351.117/167

The Secretary of State to the Ambassador in France (Wallace)

No. 408

Sir: The Department acknowledges the receipt of your cable No. 88 of January 10, 1920,31 and your despatch No. 729 of January 15, 1920, in which the refusal of the French Government to give assurances to this Government that American citizens of French origin who have complied with the military service regulations of this Government during the war, will not be molested as military delinquents upon entering French jurisdiction for temporary sojourn, is set forth. You state in the cable that there are several cases, before the Embassy, of persons who would come within the class covered by the requested assurances, and ask instructions as to the line of action to be pursued in regard to them.

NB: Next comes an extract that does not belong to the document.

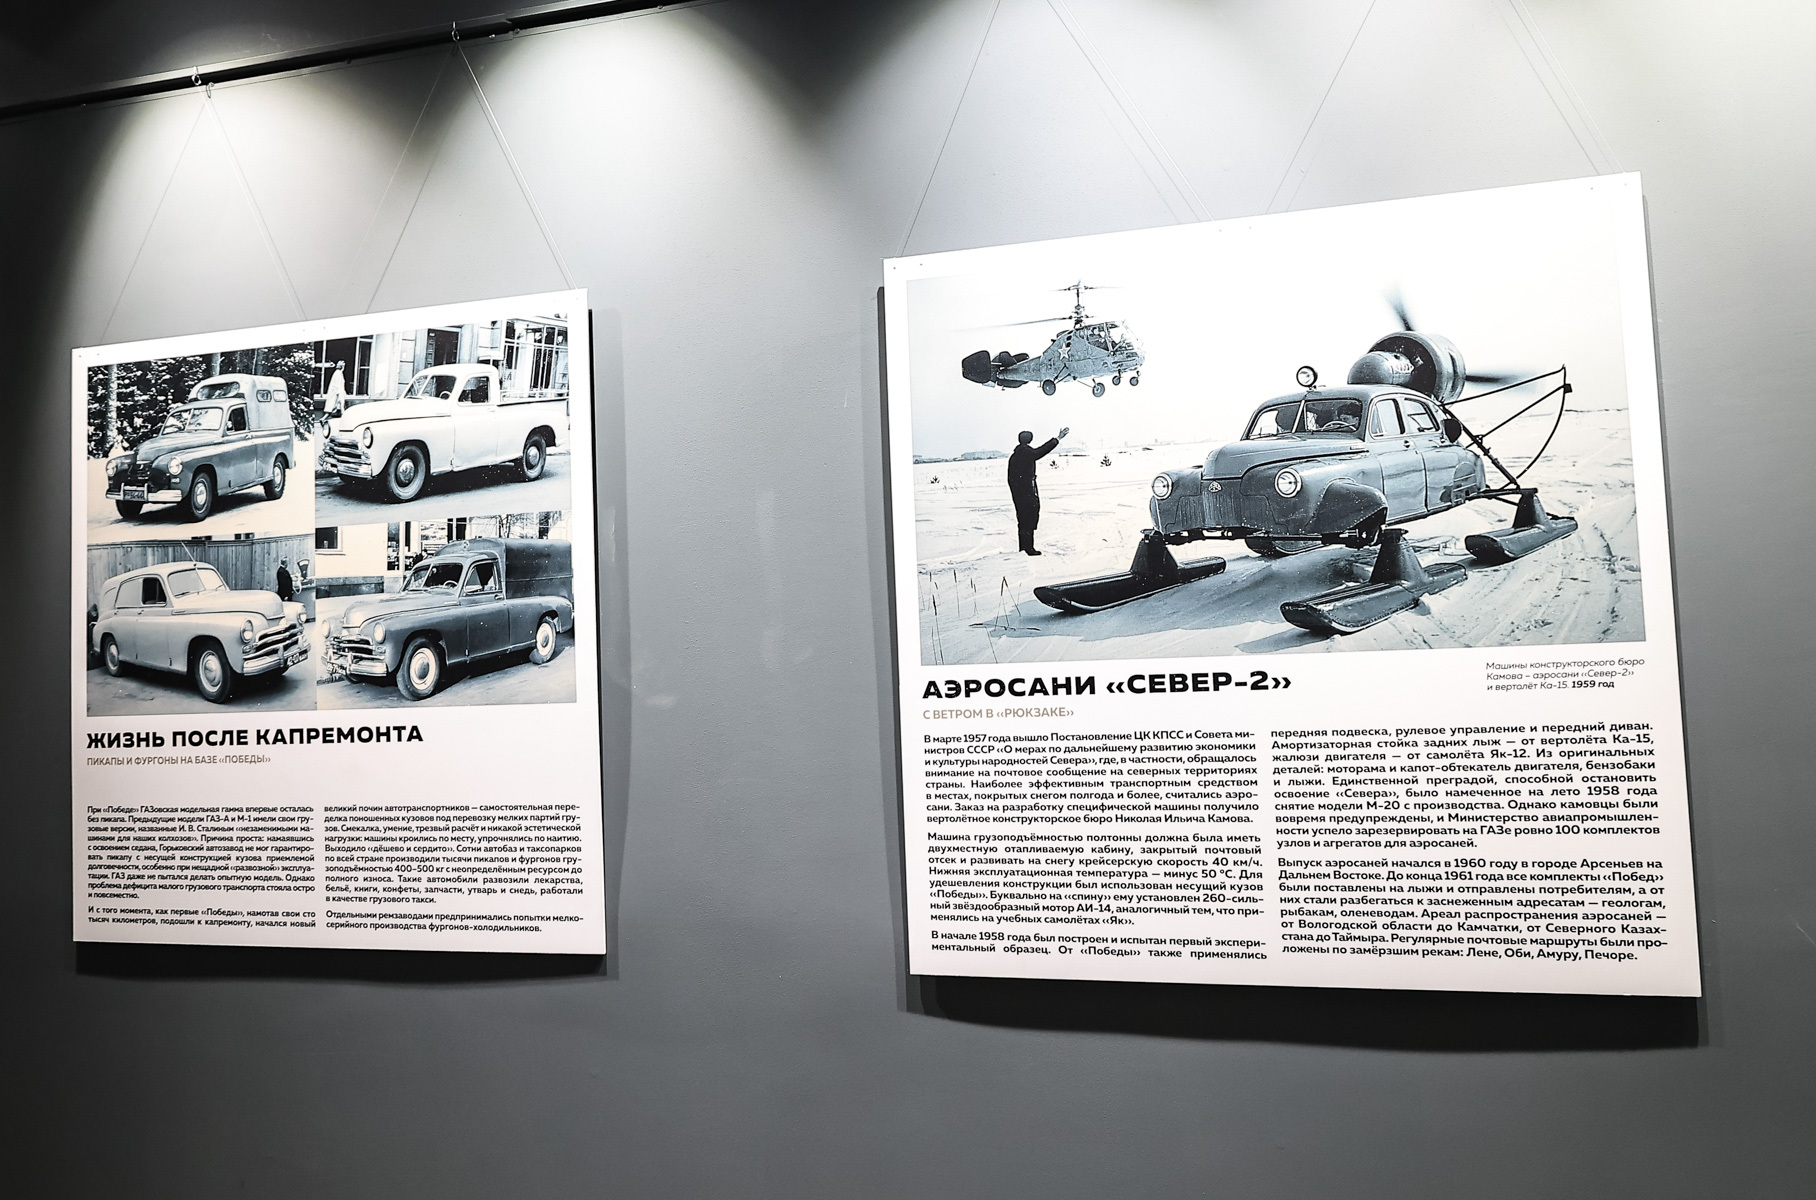 Экспонаты выставки окружены информационными стендами, которые рассказывают о работе завода, о конструкторах, об опытных и специальных образцах машин.
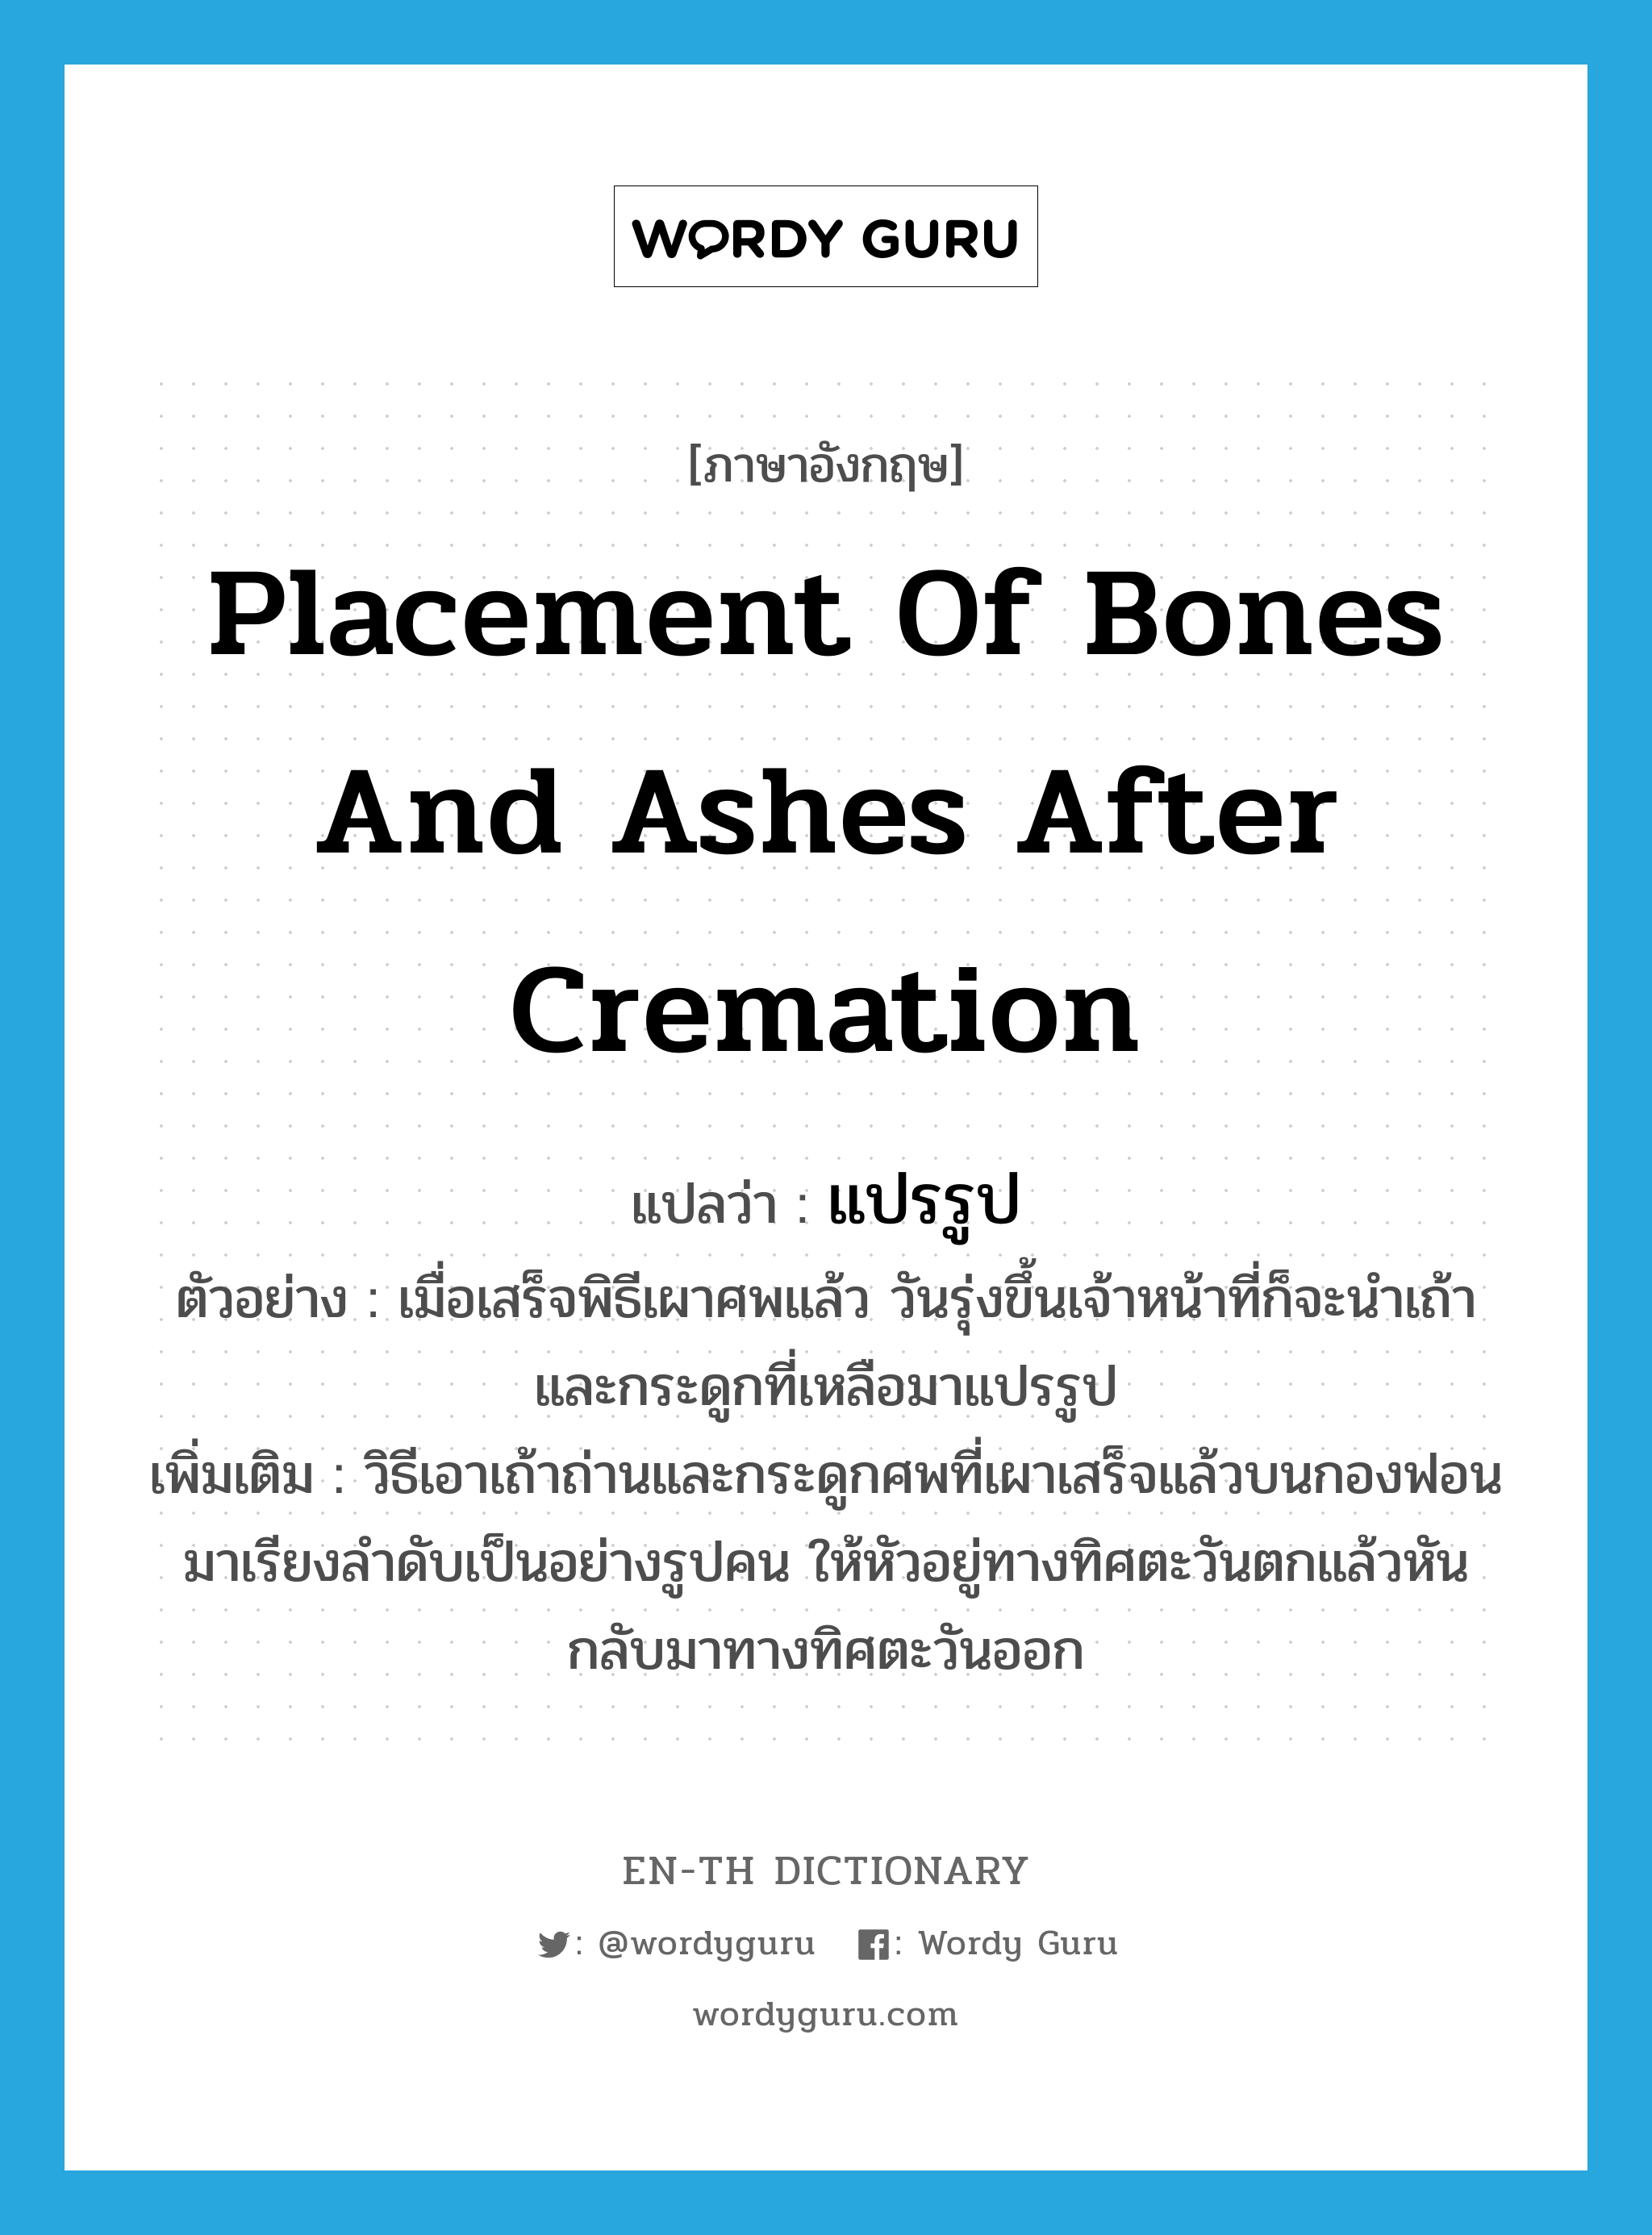 placement of bones and ashes after cremation แปลว่า?, คำศัพท์ภาษาอังกฤษ placement of bones and ashes after cremation แปลว่า แปรรูป ประเภท N ตัวอย่าง เมื่อเสร็จพิธีเผาศพแล้ว วันรุ่งขึ้นเจ้าหน้าที่ก็จะนำเถ้าและกระดูกที่เหลือมาแปรรูป เพิ่มเติม วิธีเอาเถ้าถ่านและกระดูกศพที่เผาเสร็จแล้วบนกองฟอนมาเรียงลำดับเป็นอย่างรูปคน ให้หัวอยู่ทางทิศตะวันตกแล้วหันกลับมาทางทิศตะวันออก หมวด N

In reply the Department instructs you that insofar as any of the cases before the Embassy come within the assurances referred to in the Department’s note of August 3, 1918,32 to the French Ambassador [Page 941] at Washington, a copy of which was enclosed in the Department’s instruction No. 283 of November 22, 1919, to urge the treatment of such cases in accordance with the assurances given and to reserve the right of this Government to make further representations at a later date should it be deemed desirable. Insofar as any of the cases before the Embassy do not come within the assurances referred to, you are instructed to use your good offices in an endeavor to render the persons such assistance as may be possible and to take no action which would prejudice the right of this Government to make representations later should it desire to do so.

The Department desires to be furnished with a statement of the facts in any cases now pending with the Embassy in order that it may give the matter further consideration; also that you obtain from the French Government, and transmit to the Department at your earliest convenience, a copy of the notice stated in Mr. Herbette’s note of January 5, 1920, to have been given by a representative of the French Government at Washington in June 1917, in regard to the allowance that would be made in France, to persons who were regarded as French citizens, under the French law, but who had served in the military forces of the United States.

You will also kindly endeavor to ascertain, and report at your earliest convenience, the details of the agreement between the French and Italian Governments, which Mr. Herbette refers to, under which an allowance is said to be made under the French military establishment, for service performed by French citizens in Italy. The terms of the agreement, if any, insofar as they relate to persons who complied with the military service regulations of Italy but who were not accepted for service in the Italian Army, are particularly desired, as well as the provisions of the agreement, if any, as relate to persons who served in the Italian military establishment but who did not see active service with combat troops.